During handling of the above exception, another exception occurred:

Traceback (most recent call last):
  File "/Users/mvandenb/src/galaxy/lib/galaxy/workflow/scheduling_manager.py", line 322, in __monitor
    self.__schedule(workflow_scheduler_id, workflow_scheduler)
  File "/Users/mvandenb/src/galaxy/lib/galaxy/workflow/scheduling_manager.py", line 332, in __schedule
    self.__attempt_schedule(invocation_id, workflow_scheduler)
  File "/Users/mvandenb/src/galaxy/lib/galaxy/workflow/scheduling_manager.py", line 365, in __attempt_schedule
    if not self.__attempt_materialize(workflow_invocation, session):
  File "/Users/mvandenb/src/galaxy/lib/galaxy/workflow/scheduling_manager.py", line 358, in __attempt_materialize
    session.commit()
  File "/Users/mvandenb/src/galaxy/.venv/lib/python3.10/site-packages/sqlalchemy/orm/session.py", line 2028, in commit
    trans.commit(_to_root=True)
  File "<string>", line 2, in commit
  File "/Users/mvandenb/src/galaxy/.venv/lib/python3.10/site-packages/sqlalchemy/orm/state_changes.py", line 139, in _go
    ret_value = fn(self, *arg, **kw)
  File "/Users/mvandenb/src/galaxy/.venv/lib/python3.10/site-packages/sqlalchemy/orm/session.py", line 1313, in commit
    self._prepare_impl()
  File "<string>", line 2, in _prepare_impl
  File "/Users/mvandenb/src/galaxy/.venv/lib/python3.10/site-packages/sqlalchemy/orm/state_changes.py", line 139, in _go
    ret_value = fn(self, *arg, **kw)
  File "/Users/mvandenb/src/galaxy/.venv/lib/python3.10/site-packages/sqlalchemy/orm/session.py", line 1288, in _prepare_impl
    self.session.flush()
  File "/Users/mvandenb/src/galaxy/.venv/lib/python3.10/site-packages/sqlalchemy/orm/session.py", line 4352, in flush
    self._flush(objects)
  File "/Users/mvandenb/src/galaxy/.venv/lib/python3.10/site-packages/sqlalchemy/orm/session.py", line 4380, in _flush
    self.dispatch.before_flush(self, flush_context, objects)
  File "/Users/mvandenb/src/galaxy/.venv/lib/python3.10/site-packages/sqlalchemy/event/attr.py", line 378, in __call__
    fn(*args, **kw)
  File "/Users/mvandenb/src/galaxy/lib/galaxy/model/base.py", line 184, in before_flush
    for obj in versioned_objects_strict(session.dirty):
  File "/Users/mvandenb/src/galaxy/lib/galaxy/model/base.py", line 171, in versioned_objects_strict
    obj.__strict_check_before_flush__()
  File "/Users/mvandenb/src/galaxy/lib/galaxy/model/__init__.py", line 5272, in __strict_check_before_flush__
    raise Exception(
Exception: HistoryDatasetAssociation <galaxy.model.HistoryDatasetAssociation(34) at 0x32f293820> in state error with null file size, this is not valid

And this is being repeated across all tests, so I think we keep trying to schedule if we don't also fail the invocation.
The other thing is that we need to set the file size before we commit with a terminal state.

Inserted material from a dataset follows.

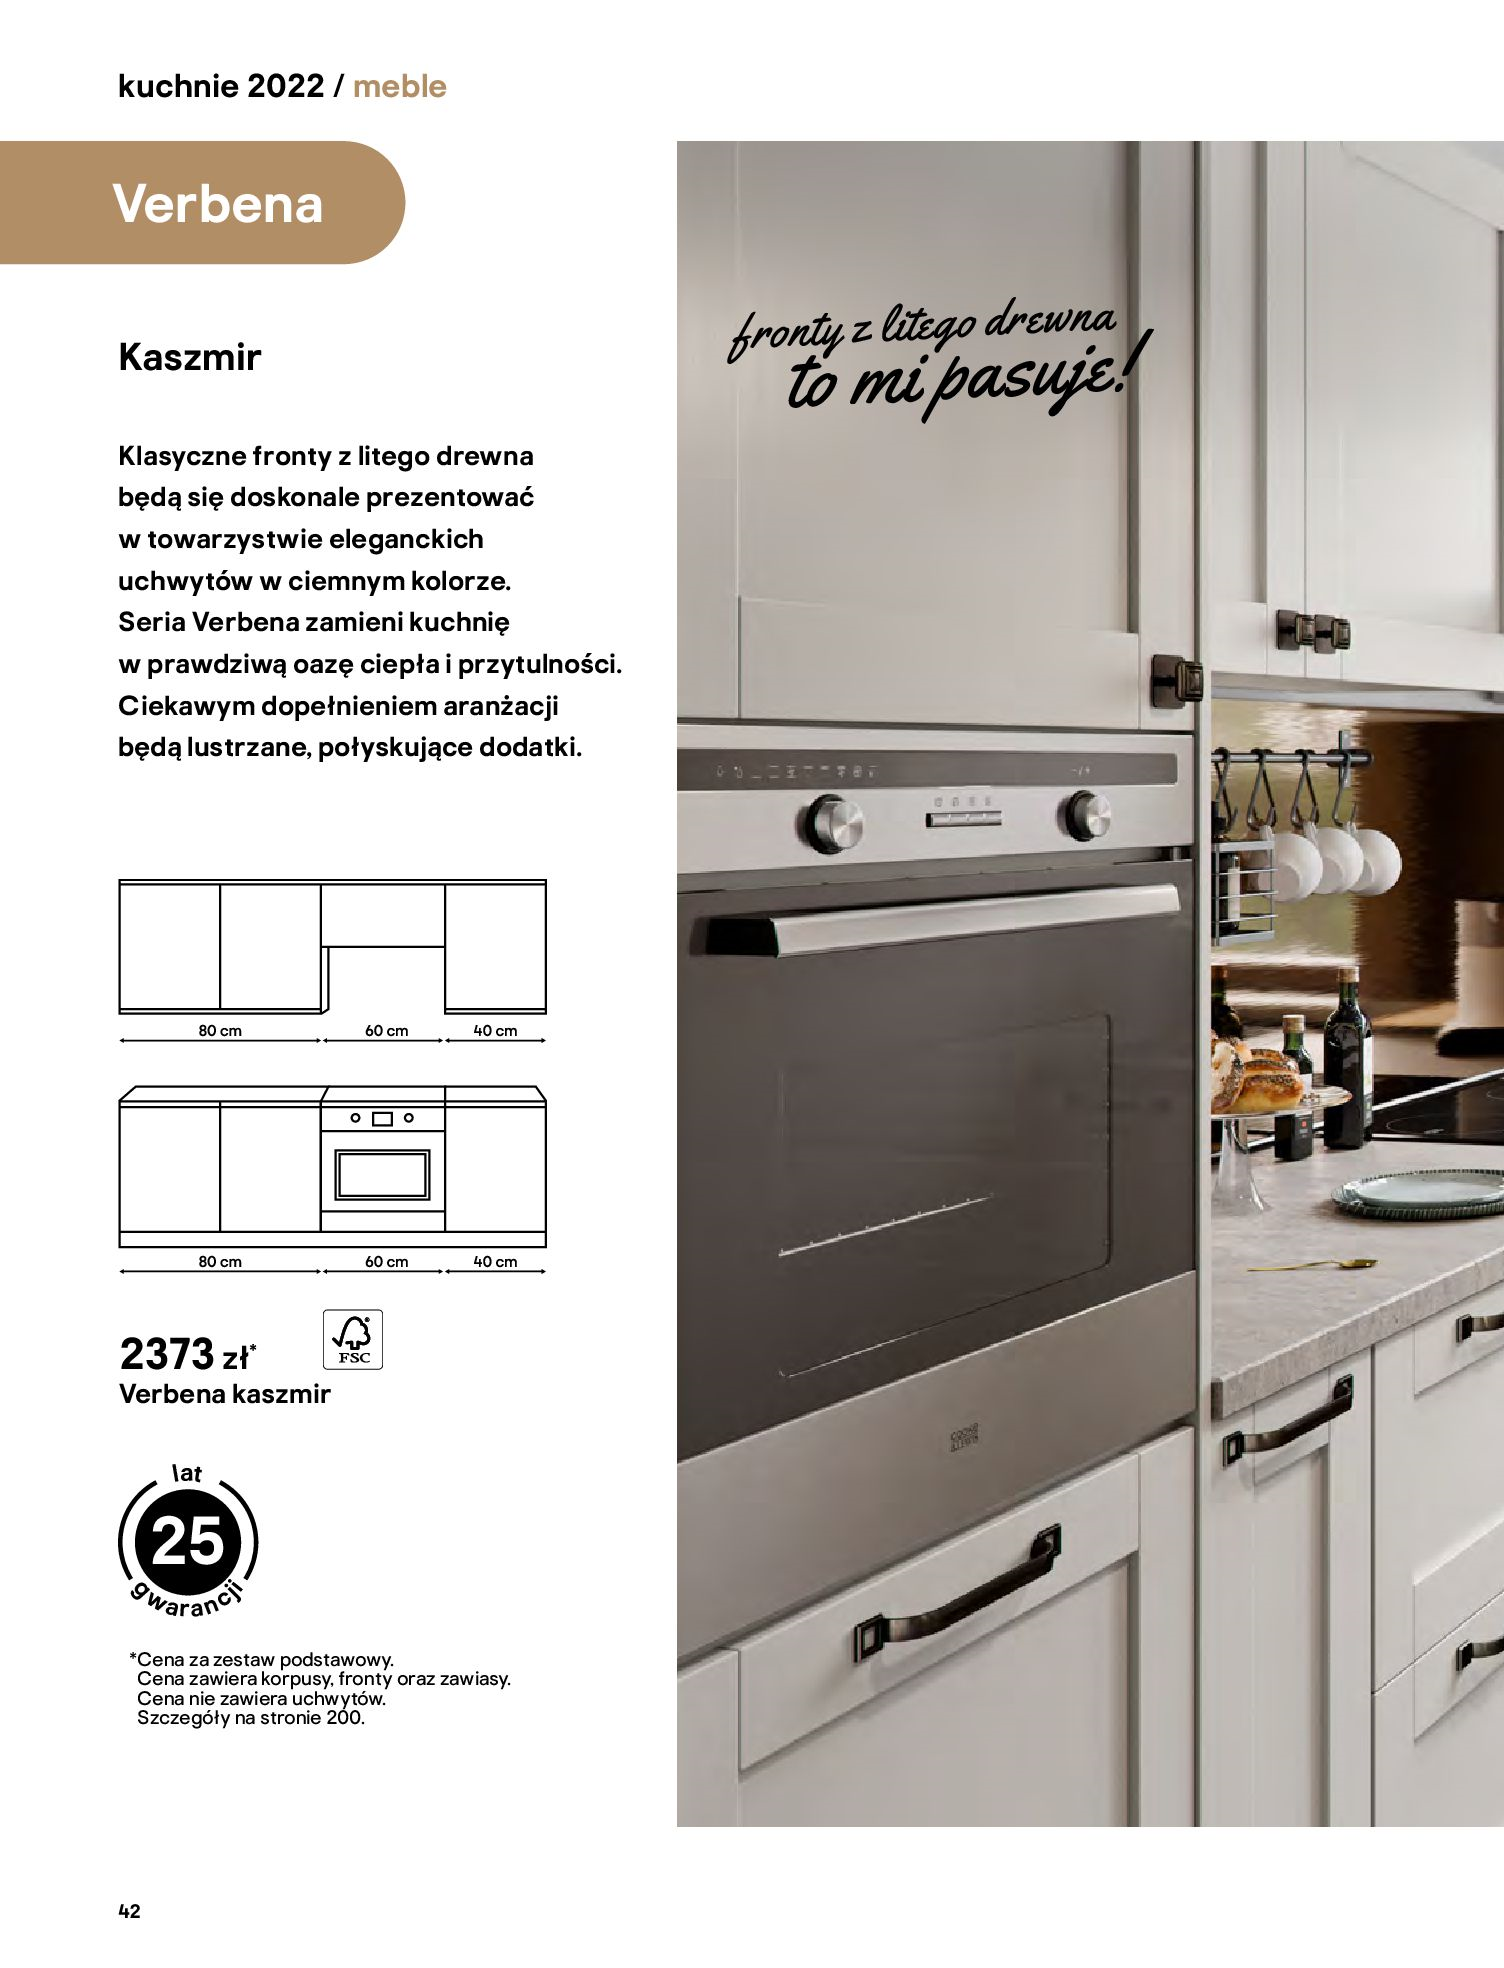 Gazetka Castorama: Castorama - Katalog Kuchnie 2022 2022-04-04 page-42

lib/galaxy/workflow/scheduling_manager.py

jmchilton · 2024-09-30T16:55:29Z

Gotcha. I will redo this to fail the invocation on materialization error.

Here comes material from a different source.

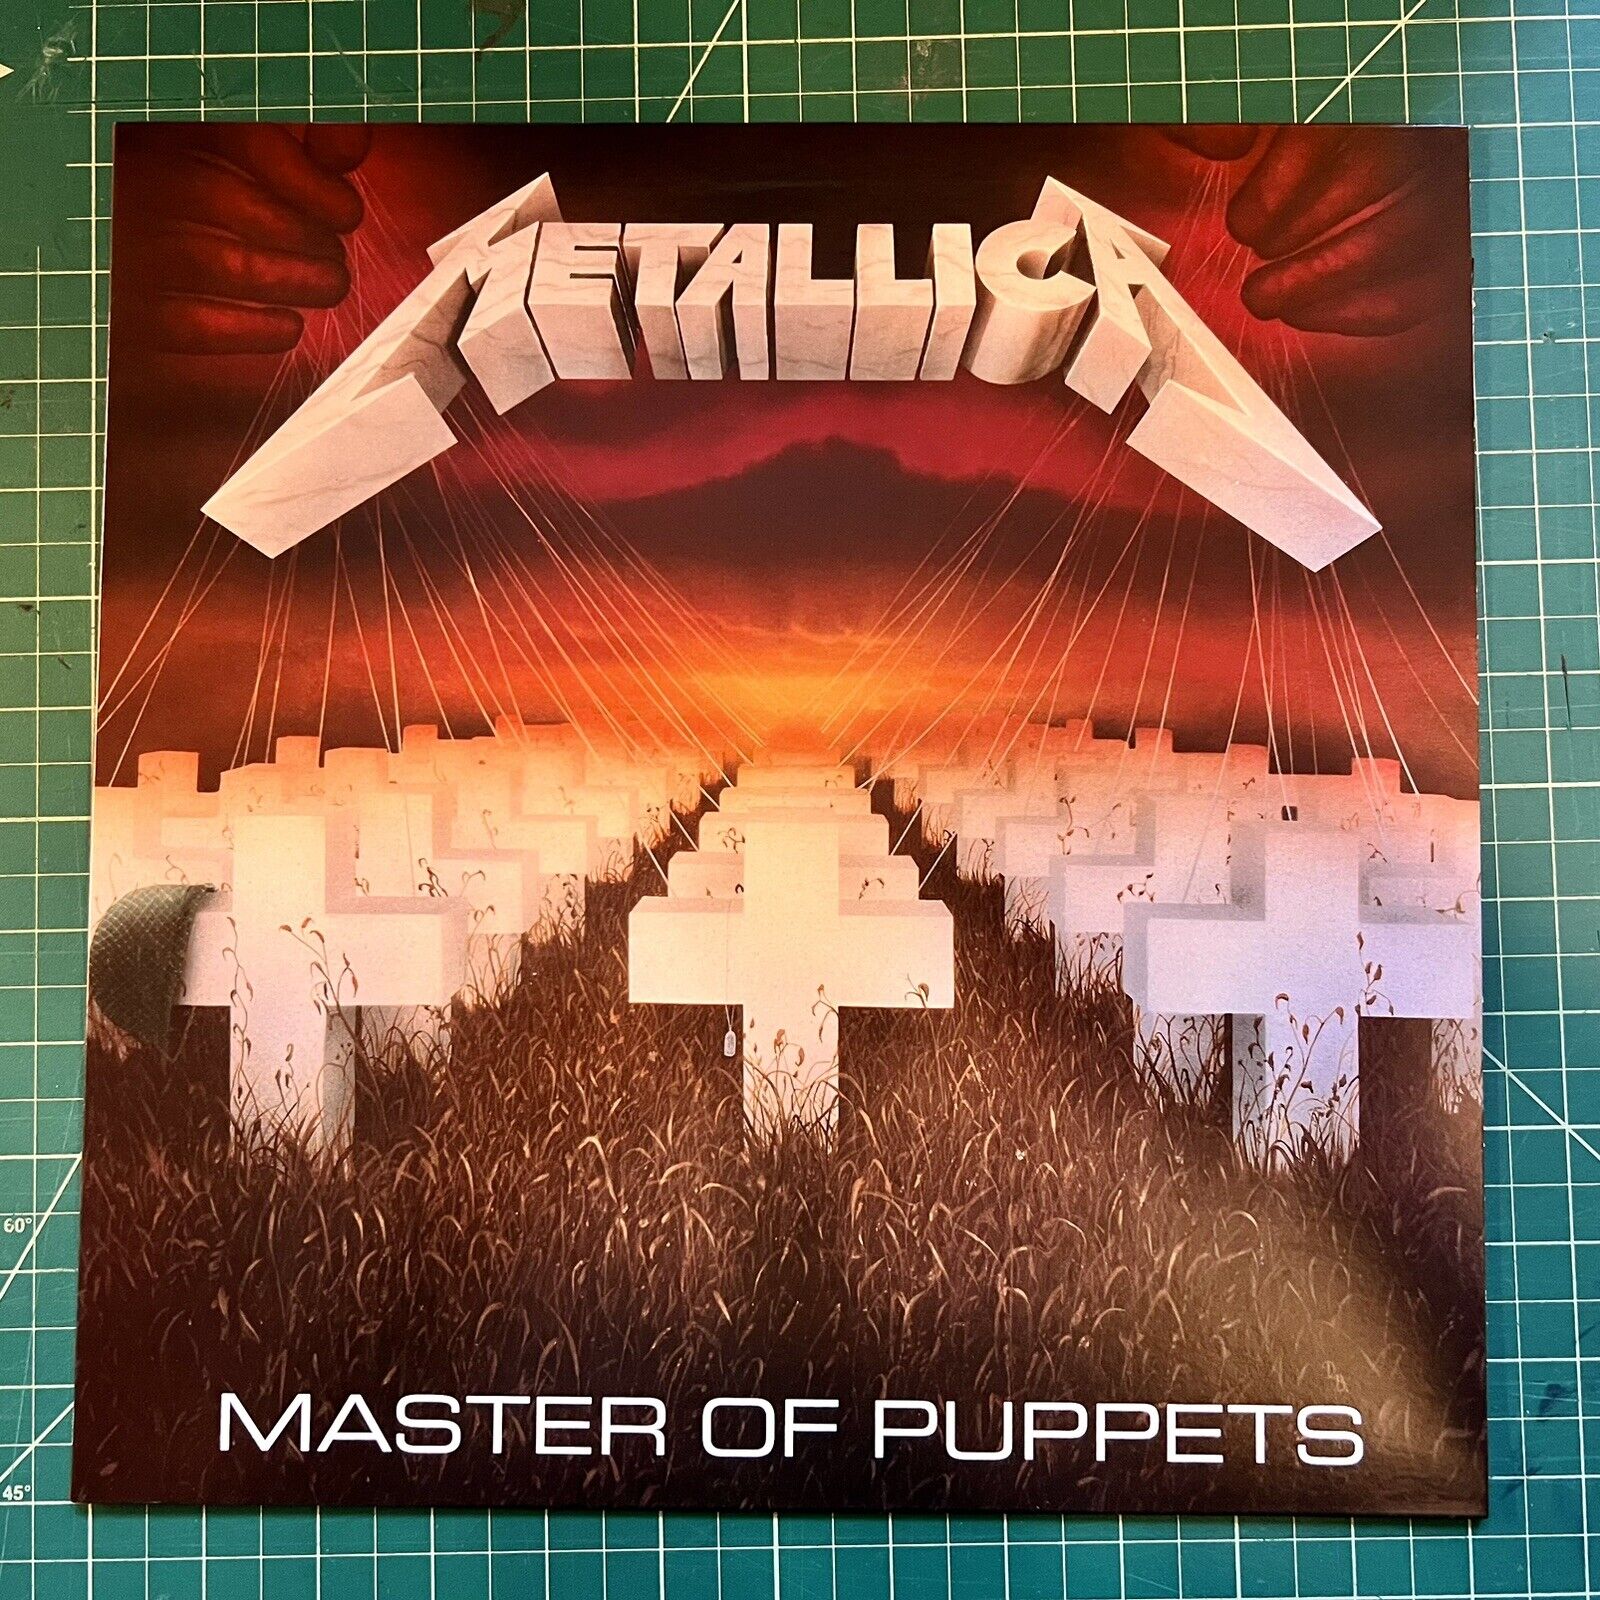 🤘Metallica - Master Of Puppets LP Red Vinyl Repress 2021 Walmart Exclusive 🤘

Includes a lot of plumbing for tools but not the APIs - they are not ready to go yet.

jmchilton · 2024-09-30T17:40:11Z

@mvdbeek The workflow failure stuff is so cool - let me know if I used it right. I guess we might want a more specific "reason" code.

mvdbeek · 2024-10-01T16:31:37Z

lib/galaxy/workflow/scheduling_manager.py

+                if not self.__attempt_materialize(workflow_invocation, session):
+                    return None
+                if self.app.config.workflow_scheduling_separate_materialization_iteration:
+                    return None


Does this have any measurable effect ? I would imagine materialization of even a small dataset takes so much longer than scheduling a workflow. As I understand this, we now spend a lot of time materializing a number of inputs (unless deferred), and then based on this setting we proceed (or not) to schedule the workflow.

mvdbeek · 2024-10-01T16:38:14Z

We can always get more specific later on, that part is fine. I would totally like to merge this now, but I worry that we might make scheduling performance very unpredictable if we undefer in the scheduling loop. I don't think it's a ton of work to move that into celery, I'll give that a crack .. worst case we only allow deferred inputs in the landing API ?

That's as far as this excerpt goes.